- Directed by: Jamie Sisley
- Written by: Jamie Sisley
- Produced by: Eric Shultz; Shrihari Sathe;
- Starring: Wyatt Oleff; Fin Argus; Albert Jones; Cree Cicchino; Quinn McColgan; Chrissy Metz;
- Cinematography: Alejandro Mejia
- Edited by: Alan Canant
- Music by: Ben Sollee
- Production companies: MarVista Entertainment; Dialectic; Relic Pictures; Whitewater Films;
- Distributed by: MarVista Entertainment
- Release dates: February 12, 2022 (Berlinale); May 19, 2023;
- Running time: 94 minutes
- Country: United States
- Language: English

= Stay Awake (film) =

 Stay Awake is a 2022 American drama film, written and directed by Jamie Sisley, in his directorial debut.

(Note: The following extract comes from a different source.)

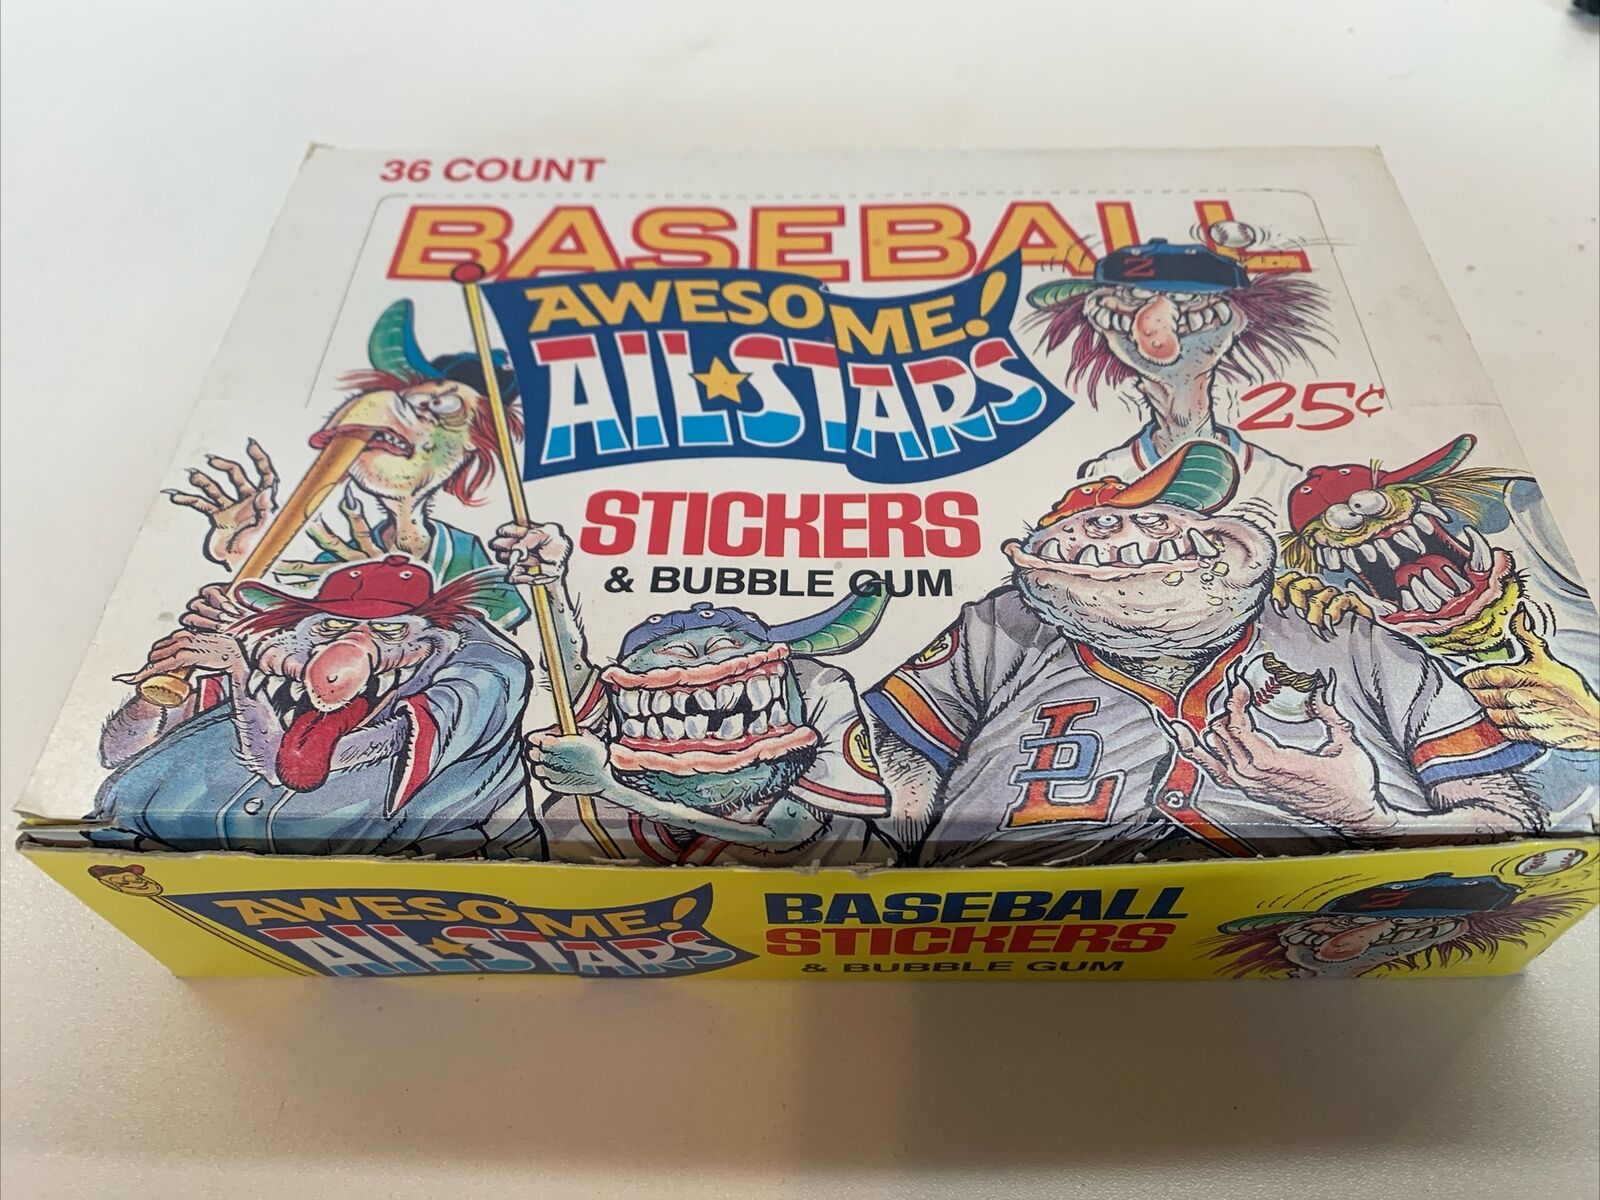 1988 Leaf Baseball Awesome All Stars Stickers & Bubble Gum 36 Packs Full Box
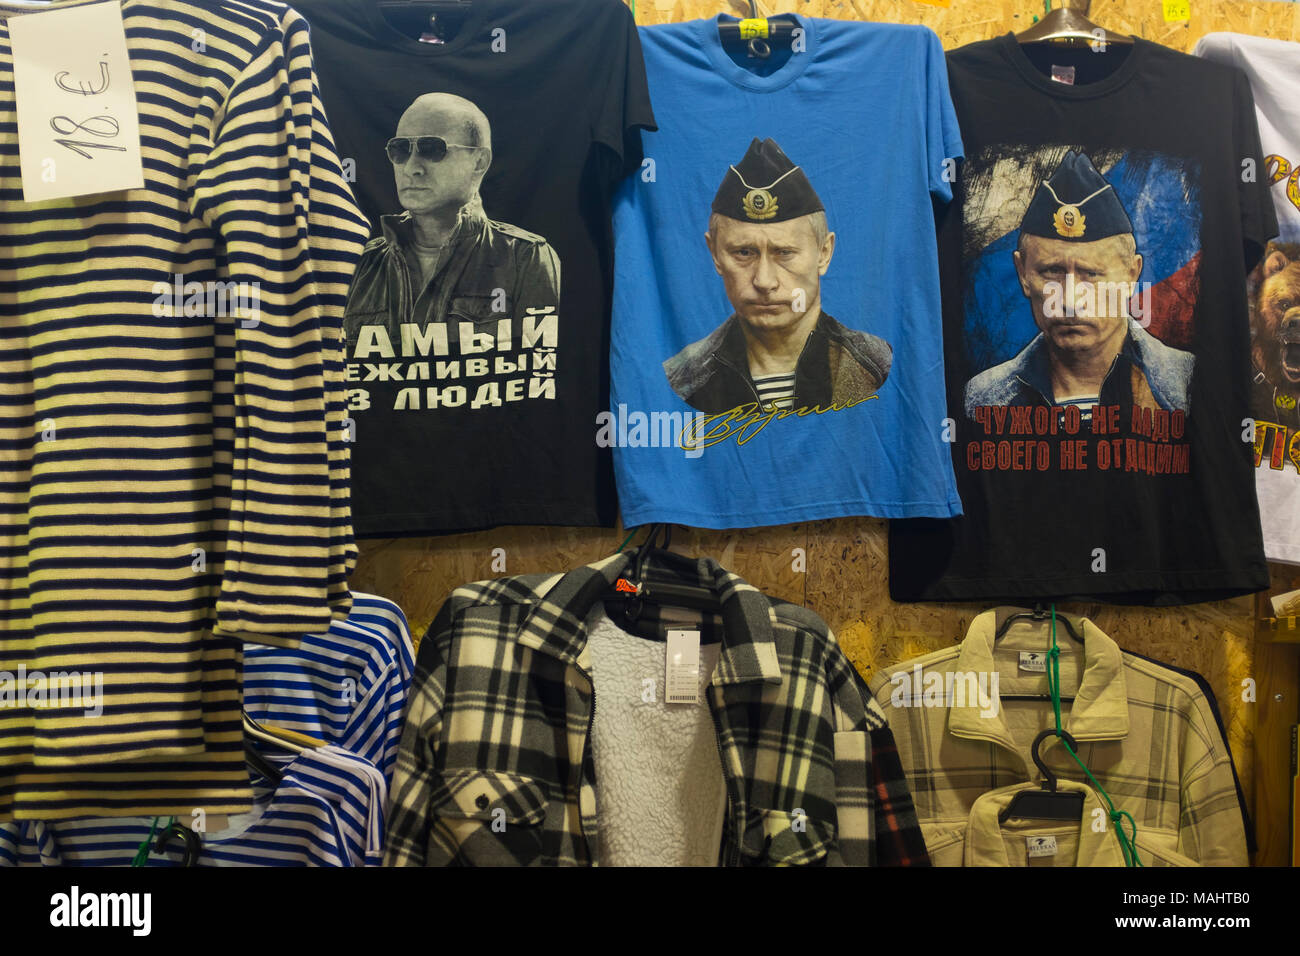 Ongepast Promotie betaling Pro Vladimir Putin tee shirts for sale at the Russian Market in nEstonia's  capital city, Tallinn Stock Photo - Alamy

It stars Wyatt Oleff, Fin Argus, Albert Jones, Cree Cicchino, Quinn McColgan and Chrissy Metz. The film had its world premiere at the 72nd Berlin International Film Festival on February 12, 2022, and was released on May 19, 2023, by MarVista Entertainment.

==Plot==
Two brothers navigate teenage life while dealing with their mother's prescription drug addiction.

==Cast==
- Wyatt Oleff as Ethan
- Fin Argus as Derek
- Albert Jones as Dennis
- Cree Cicchino as Melanie
- Quinn McColgan as Ashley
- Chrissy Metz as Michelle
- Lorrie Odom as Vicki

==Production==
In July 2021, it was announced Wyatt Oleff, Fin Argus, Chrissy Metz, Cree Cicchino, Quinn McColgan and Lorrie Odom had joined the cast of the film, with Jamie Sisley directing from a screenplay he wrote.

==Release==
It had its world premiere at the 72nd Berlin International Film Festival on February 12, 2022, where it received a Special Mention for Best Film and won the German Art House Cinema award.

It also had its world at the 48th Deauville American Film Festival on September 6, 2022, where Jamie Sisley received the Deauville Grand Special Prize nominee.

== Reception ==
The review aggregator Rotten Tomatoes reported an approval rating of 91%, with an average rating of 6.8/10, based on 33 reviews. The website's consensus reads, "Empathetic and consistently believable, Stay Awake is an uncommonly nuanced depiction of addiction's impact on the addict's family." Metacritic gave the film a weighted average score of 62 out of 100, based on eight critics, indicating "generally favorable reviews".